Mobile phones going out of the reach of Nigerians

If you need a phone with which you can conveniently use the ever popular social media, surf the web and indeed carry out sundry data-driven activities including downloading the music of your favourite artistes, go get yourself a smartphone. The smartphone differs markedly from the older feature phones in, among others, its ability to enable and facilitate data transactions. Smartphones were initially exclusive to the high end variants, costing consumers in the range of N70,000 to N80,000 to sometimes well over N100,000. Obviously only those with sufficient disposable incomes, most likely the upper demographic segments could have afforded such phones. Over the years, however, the smartphone has gradually permeated the lower segments of the demographic pyramid. Now, there are smartphones for the mid-tier category costing between N25,000 and N45,000 and hordes of smartphones for the low-tier category costing as low as N8,000.
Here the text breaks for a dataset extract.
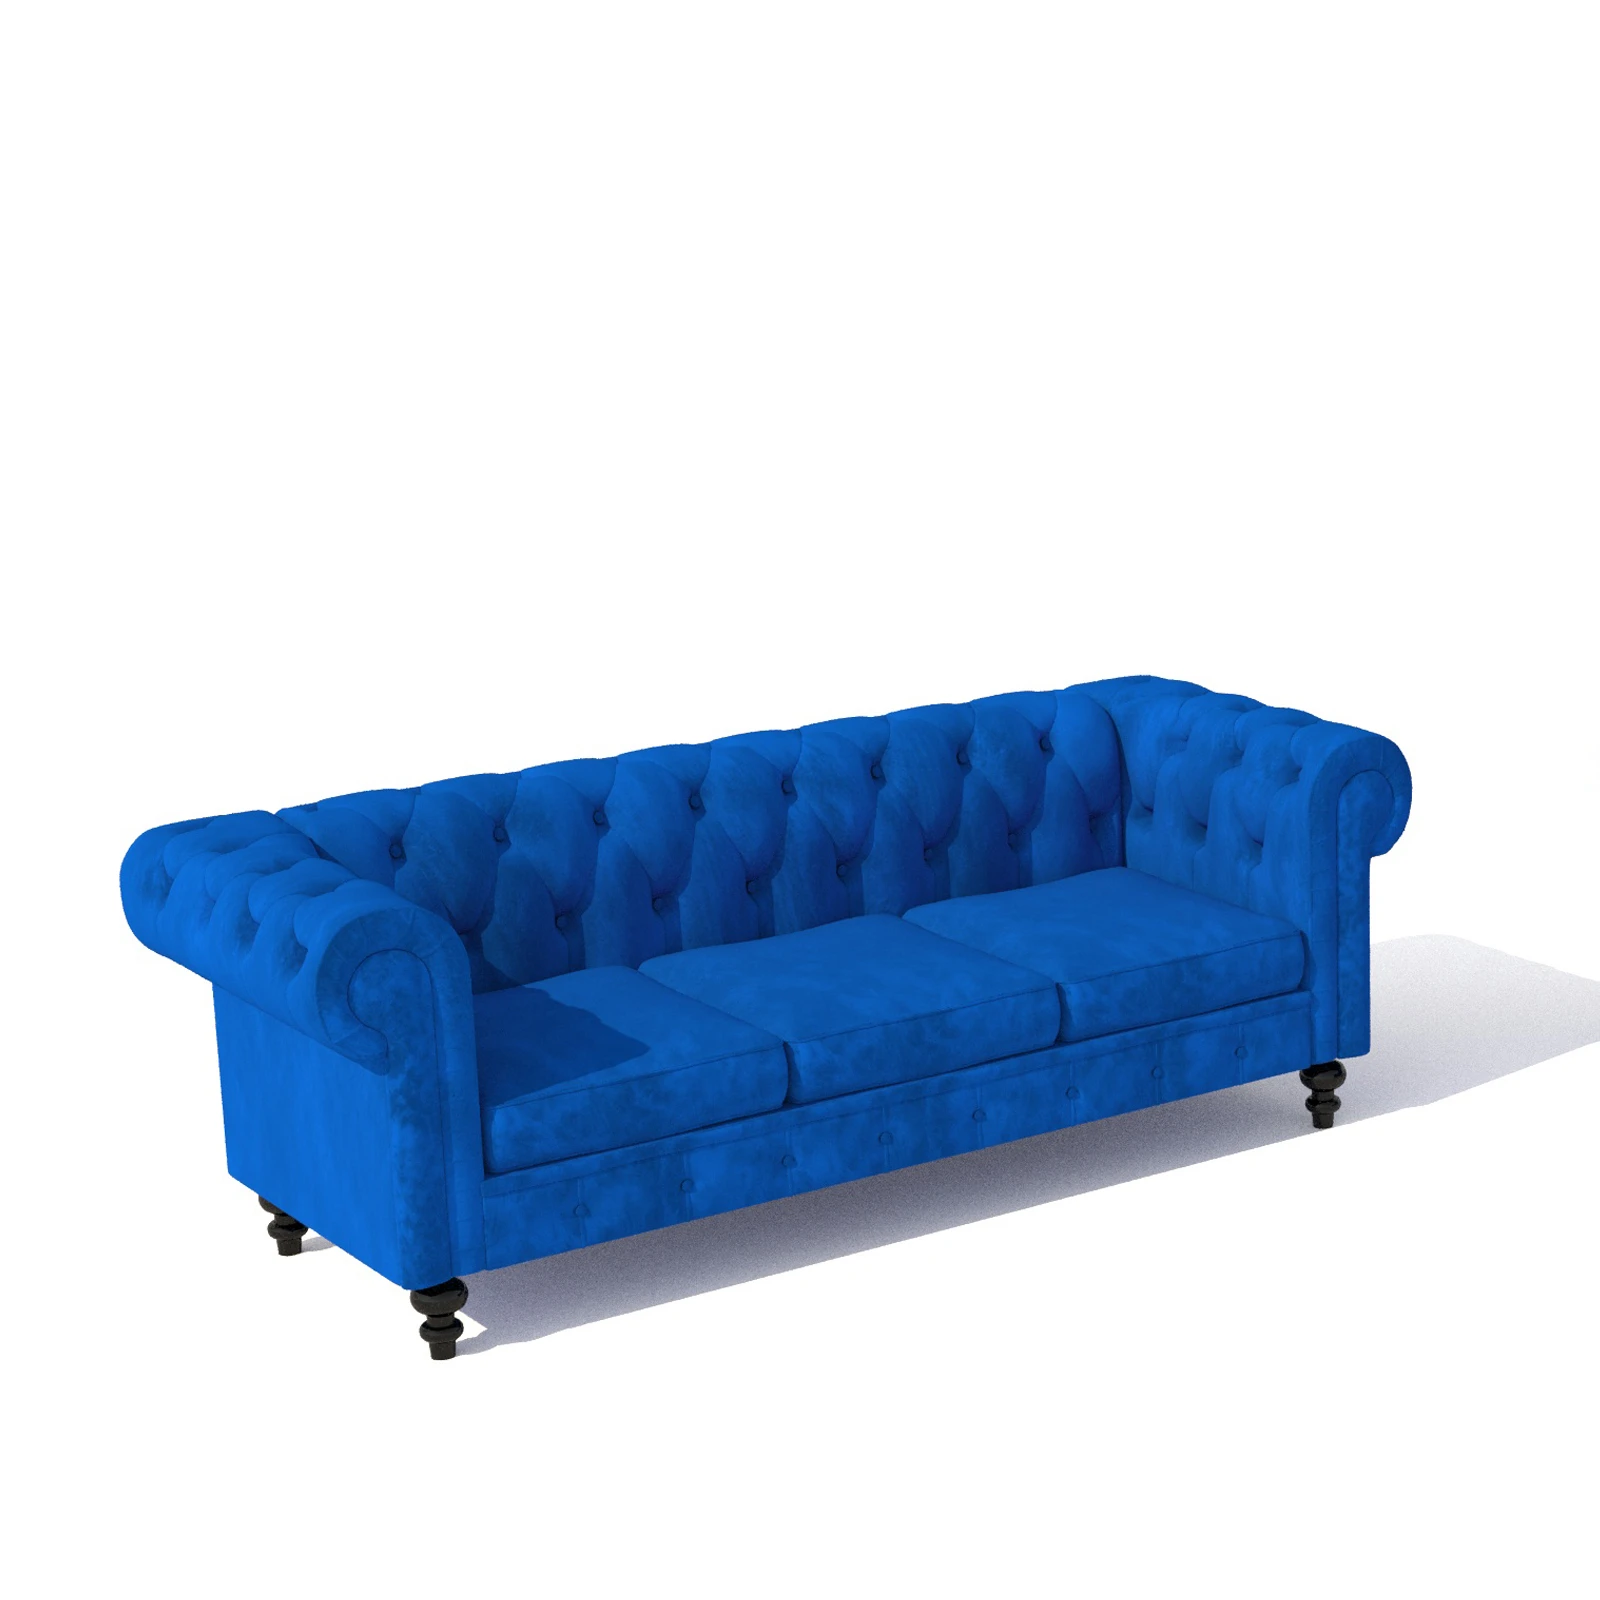 

Sofa sectional modern hot elegant luxury living room sofas blue velvet sofa set furniture, Grey/blue

According to the online retailing site, Jumia, the low-end (read cheap) brands of smartphones are today, their best selling products. There are lots of models of low end smartphones provided by such brands as Samsung, LG and lots of Chinese manufacturers. The lure of the cheap smartphone lies in its affordability. Affordability in turn, makes it accessible to students, artisans, subsistence farmers, traders and many more in the lower demographic segments who would ordinarily be unable to afford smartphones. The smartphone is a major deviation from the feature phone of old, largely on account of its operating system which enables it to utilise  the hordes of services that can be enabled by mobile broadband. It therefore has considerably higher utility than the feature phone.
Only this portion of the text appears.